Ex Bibliotheca

The life and times of Zack Weinberg.

Wednesday, 11 December 2002

# 6:30 PM

web logs and search engines

These days there's a lot of good content out there in the form of web logs. Unfortunately, it's not indexed well by search engines. The trouble is, the webcrawler comes by and records whatever's on the front page of the log at the time, but by the time you go to make a search, a whole bunch more entries will have been added, pushing the entry you searched for off the front page. Entries in the archives may not be indexed at all.

This despite the fact that most weblogs have 'permanent links': the little blue hashmark at the beginning of this entry is an <A> tag pointing to a URL which will always and forevermore reference this article. (Unless Panix goes belly up or something.) If the search engines knew about the permanent links, they could use them in their indexes, and it'd all work.

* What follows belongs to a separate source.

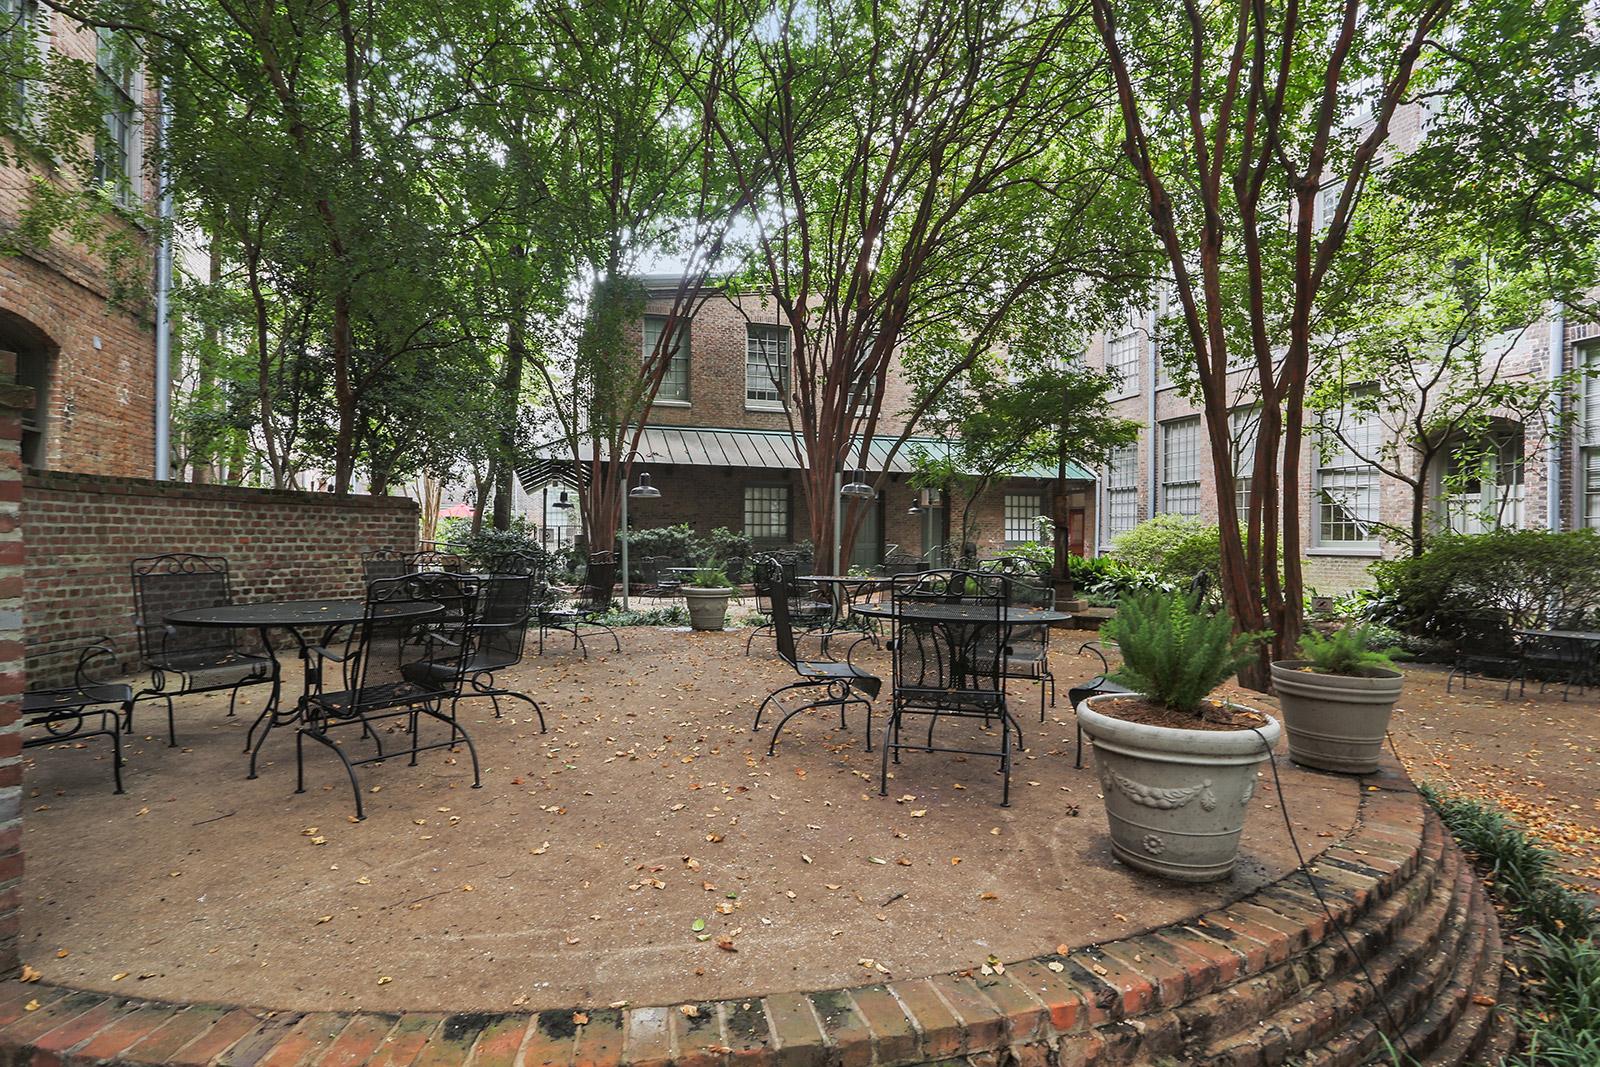 CBD/Warehouse District/South Market, Condo, 1 beds, 1.0 baths, $2400 per month New Orleans Rental - devie image_7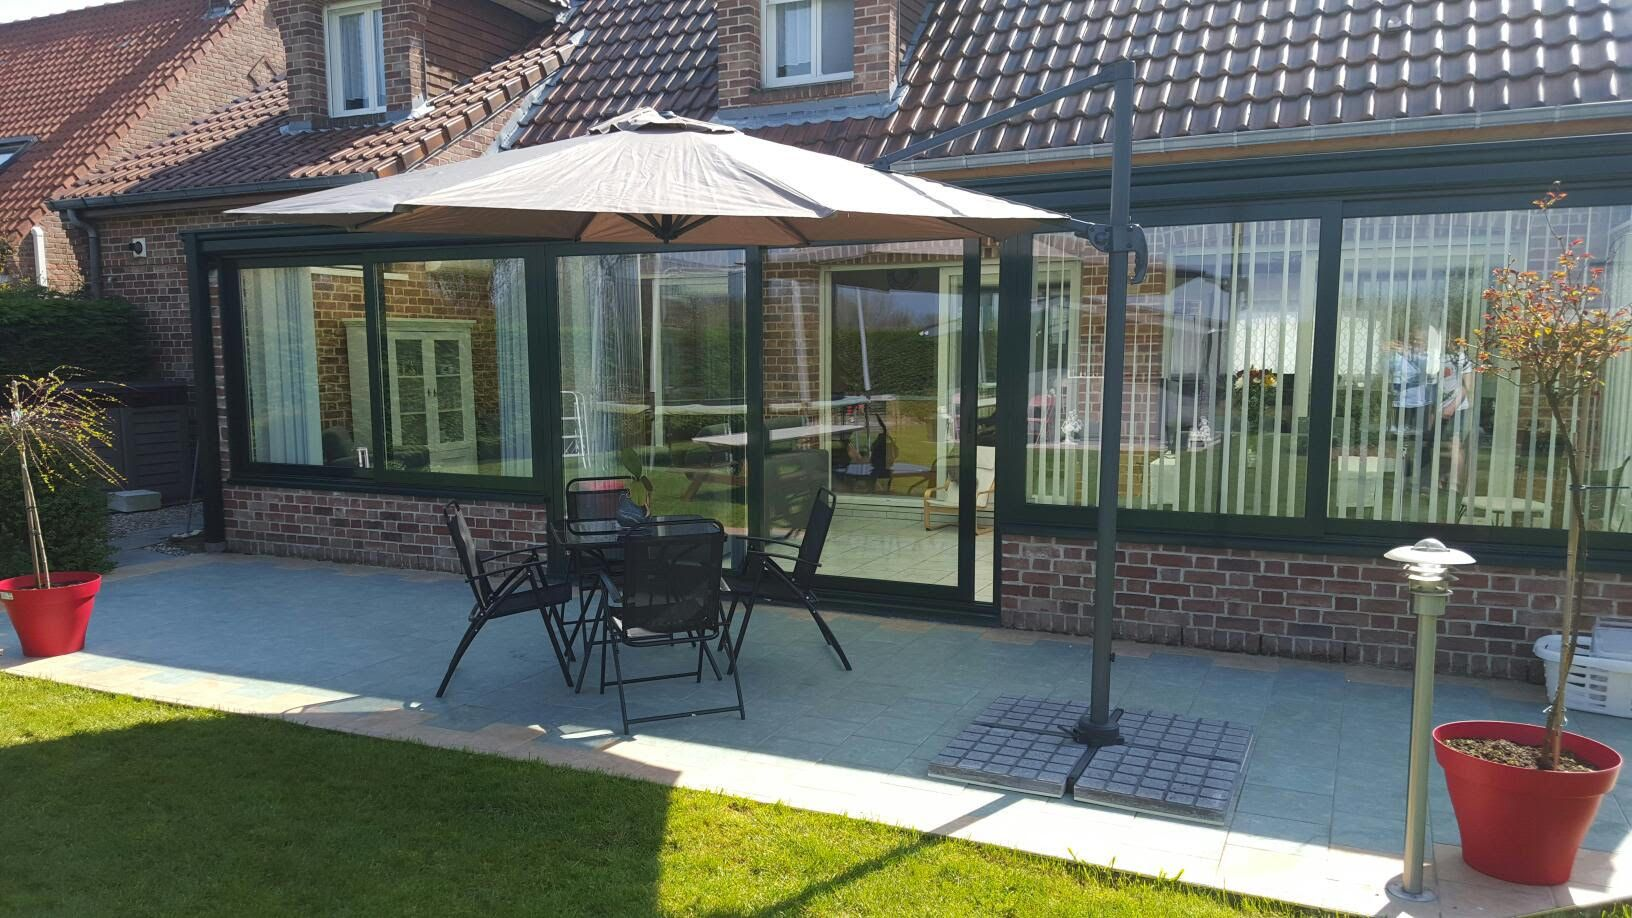 parasol terrasse best ronda parasol excentr with parasol terrasse amazing store de terrasse. Black Bedroom Furniture Sets. Home Design Ideas

Here's how I would implement this. Suppose we invent a labelling scheme which will allow a webcrawler to tell that an <a> tag is a permanent link. I'd use the class attribute, like this:

  <a class="permalink-above" href="...">
  <a class="permalink-below" href="...">

"permalink-above" means that the tag precedes the text it is a permanent link for; "permalink-below" means that it follows that text. (Both styles are used.) We also need a way to indicate the block-level element that contains all the permanent links, so that navigation and page header boilerplate don't get sucked into the permalink indexing mode. For this, we define another class attribute, "weblog-content". This is to be put on a block-level element that contains (in the DOM sense) all of the permalink tags. The ambit of each permalink tag then runs as far as the next such tag in the appropriate direction, or to the boundary of the weblog-content element, whichever comes first. Permalink tags outside the weblog-content element are ignored. If there is no element explicitly marked weblog-content, the body element gets the job.

Search engines then should record each chunk of text in the ambit of a permalink tag as a separate logical document. However, links to the base URL for the weblog should count as links to all of these chunks, for scoring purposes. (This corresponds to the intuitive interpretation of a link to the base URL, which is "I like everything this author says.") Links to individual permalinks count only for that chunk.

Your comments are requested.